Many leads, many dead ends
Frustration inside the FBI's anthrax investigation: a so-far perfect crime
What the FBI thinks is this: Whoever sent the letters probably lived in or knew the Trenton area where several of the letters were mailed. The perpetrator probably is a single, older white male with a grudge against the U.S. government. He may be a full-fledged or amateur scientist, who may not have intended to kill. Agents think this is so because he had meticulously taped the edges of the envelopes and included warnings of lethality plus advice on antibiotic cures. They surmise that he may have acted to send a message that the federal government should invest more in biodefense--or perhaps to somehow profit from that investment.

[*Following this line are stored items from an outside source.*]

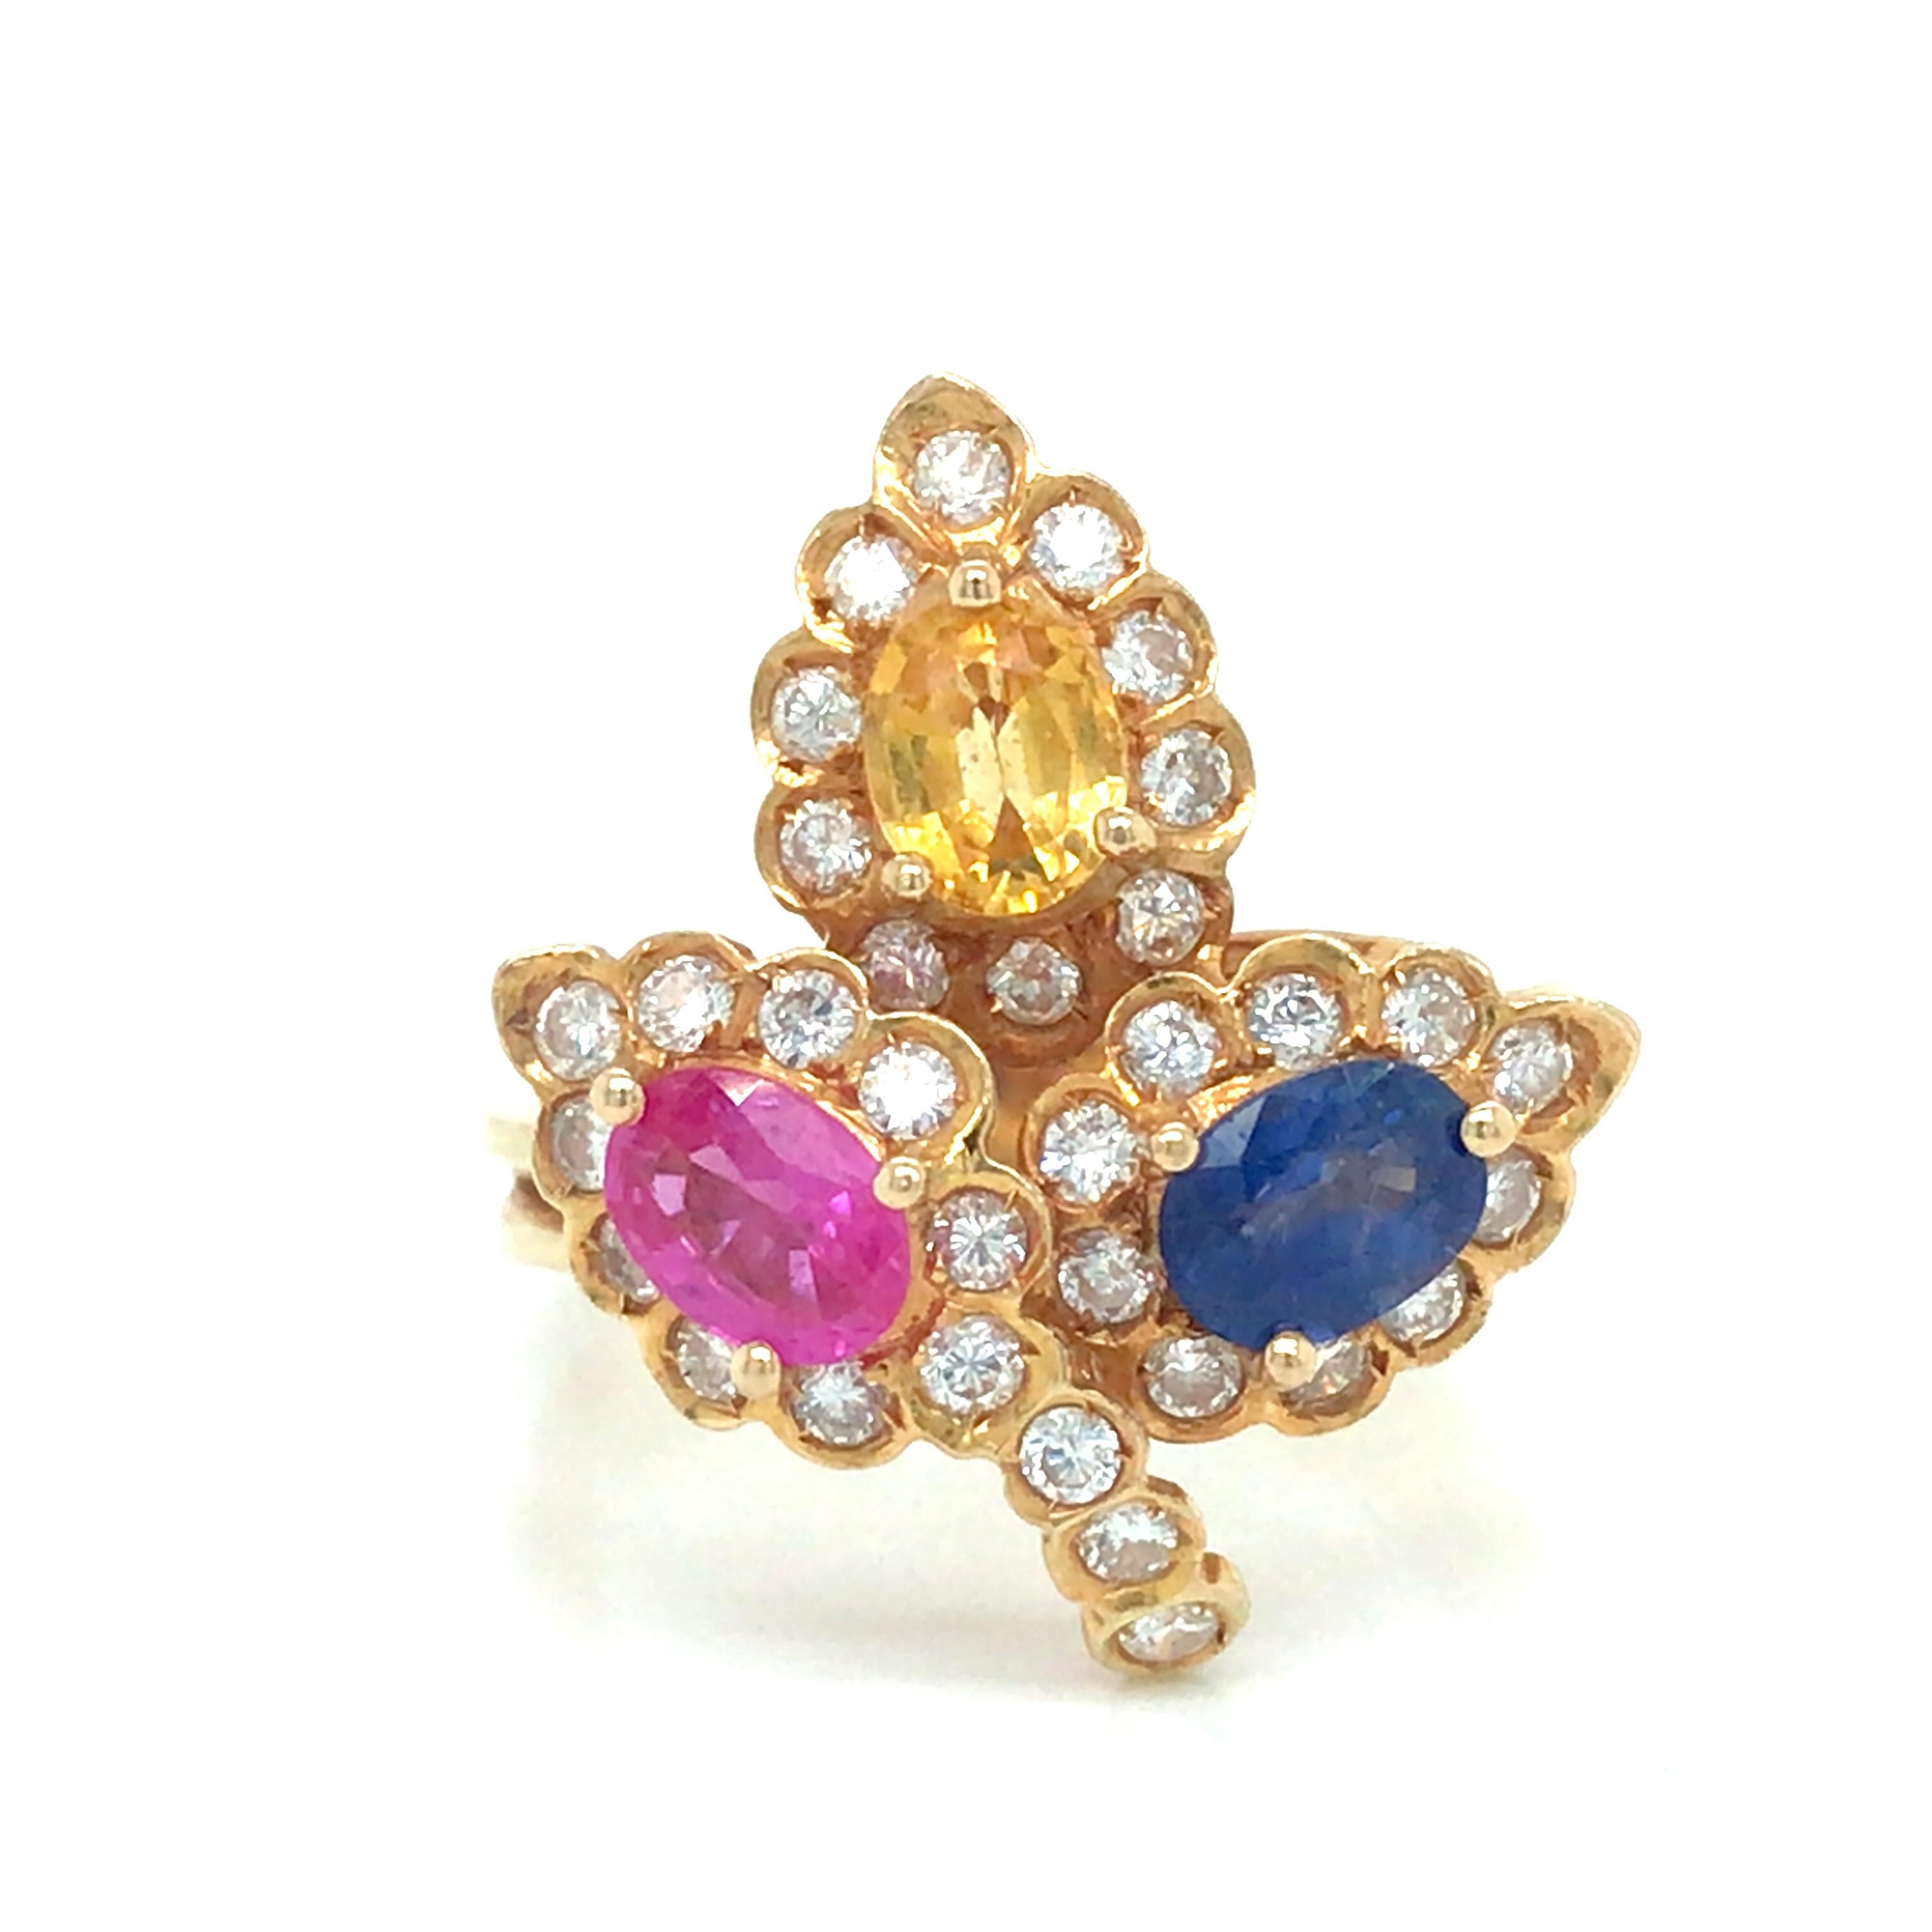 Sapphire Diamond Flower Cluster Ring in 18K Yellow Gold.  Yellow, Pink and Blue Pear Shape Sapphires weighing 1.50 carat total weight and (33) Round Brilliant Cut Diamonds weighing 0.66 carat total weight are expertly set.  The Ring measures 7/8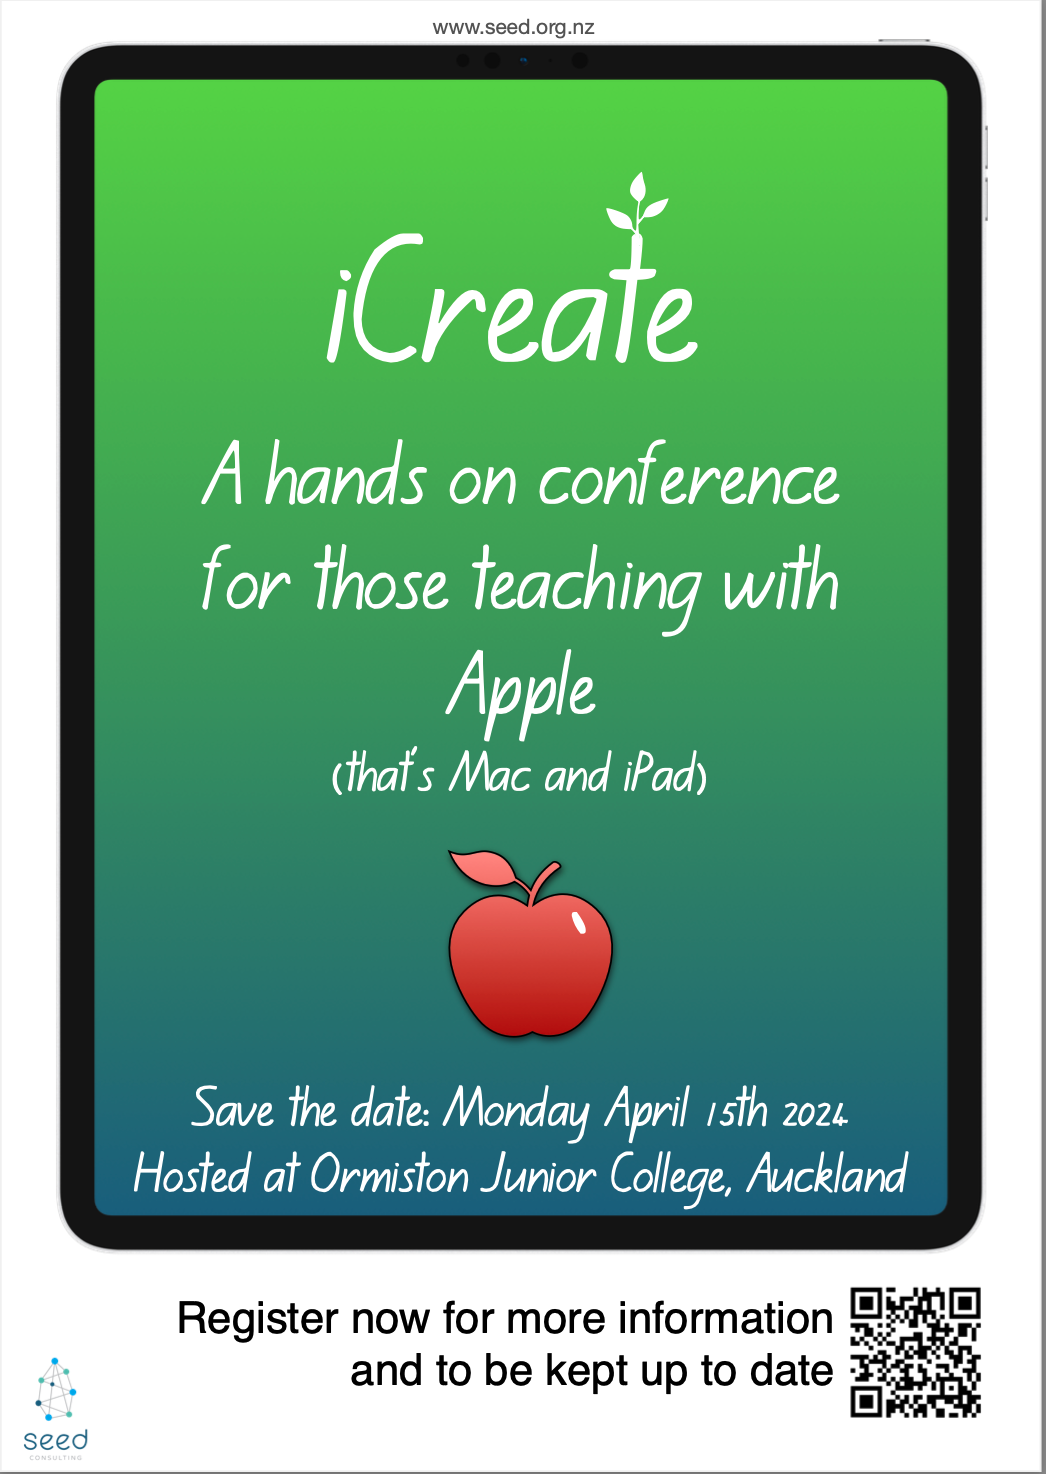 Conference Poster that says "A hands-on conference for those teaching with Apple (that’s Mac and iPad)"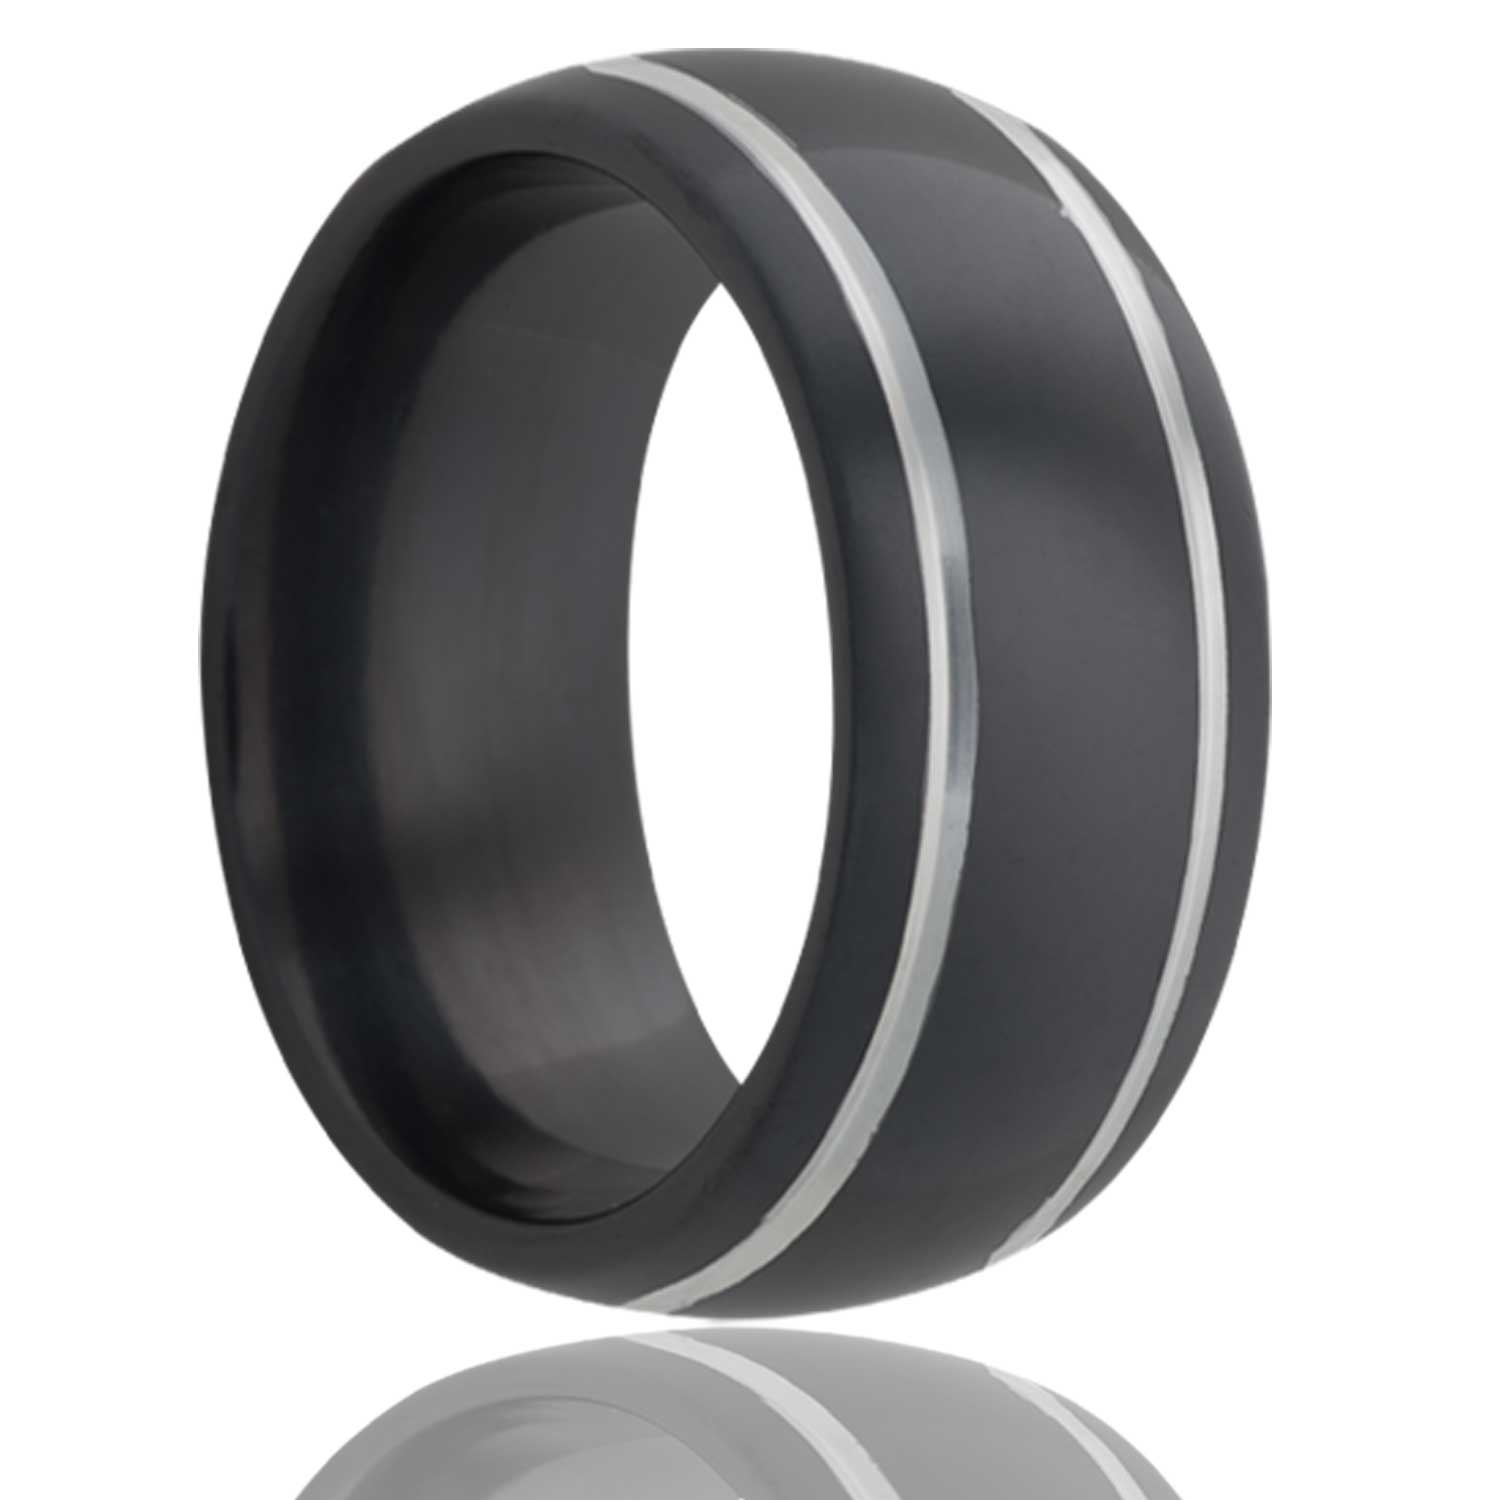 A domed zirconium wedding band with grooved edges displayed on a neutral white background.

That theory has narrowed the massive scope of the FBI investigation. The bureau began with a daunting universe of more than 20,000 scientific labs including government defense facilities, biopesticide labs, and drug companies. The FBI says it is still interested in the possibility that, say, someone who knows how to make B. thuringiensis (a common grub- and beetle-killing organic pesticide) could also have made the killer anthrax bacterium. But they also are looking very closely at the government biodefense labs.
A confounding factor has been the scientific community's lax security practices in handling of pathogens, often traded informally at scientific conferences. Even the government's own U.S. Army Medical Research Institute of Infectious Diseases (USAMRIID) at Fort Detrick, Md., now both a source of expertise and one focus of the FBI investigation, has had repeated security breaches. And there were no records of which lab had what strain of anthrax. The FBI now has helped develop a database.
Lab work. The anthrax from the Leahy letter brought other challenges: so many tests to conduct but so little evidence. Scientists wanted to first irradiate the anthrax to destroy its virulence, to protect the investigators, but fretted that might skew the tests. So they experimented first on the pesticide B. thuringiensis because of its similarity to B. anthracis.
The next question was where to conduct the tests. The FBI lab expertise is in "human forensics," investigating conventional murders, says Mark Wheelis of the University of California-Davis, adding, "This is an entirely new area." FBI officials say they turned to premier federal labs for help and created a scientific advisory panel of 20 top scientists. But the FBI, often faulted for its secrecy, managed to anger and alienate many outside experts, especially in the biodefense community.
One of the FBI's strongest critics is Barbara Rosenberg of the Federation of American Scientists. She asserts that the FBI for months has known who did it, was foolish to cast such a wide net, waited too long without arresting a suspect, and has placed unrealistic hopes on the genetic testing. "It's a stalling mechanism," Rosenberg told U.S. News. "I suppose they don't want the suspects to think they're close on the trail." Rosenberg speculates that the FBI is hobbled by the secrecy involving the government's own biodefense programs. "I hope it's not because they are hesitant to point the finger at someone," she says. That infuriates investigators. "It's insulting anyone would suggest we are sitting on evidence," fumes one FBI official. "This is murder; five people are dead."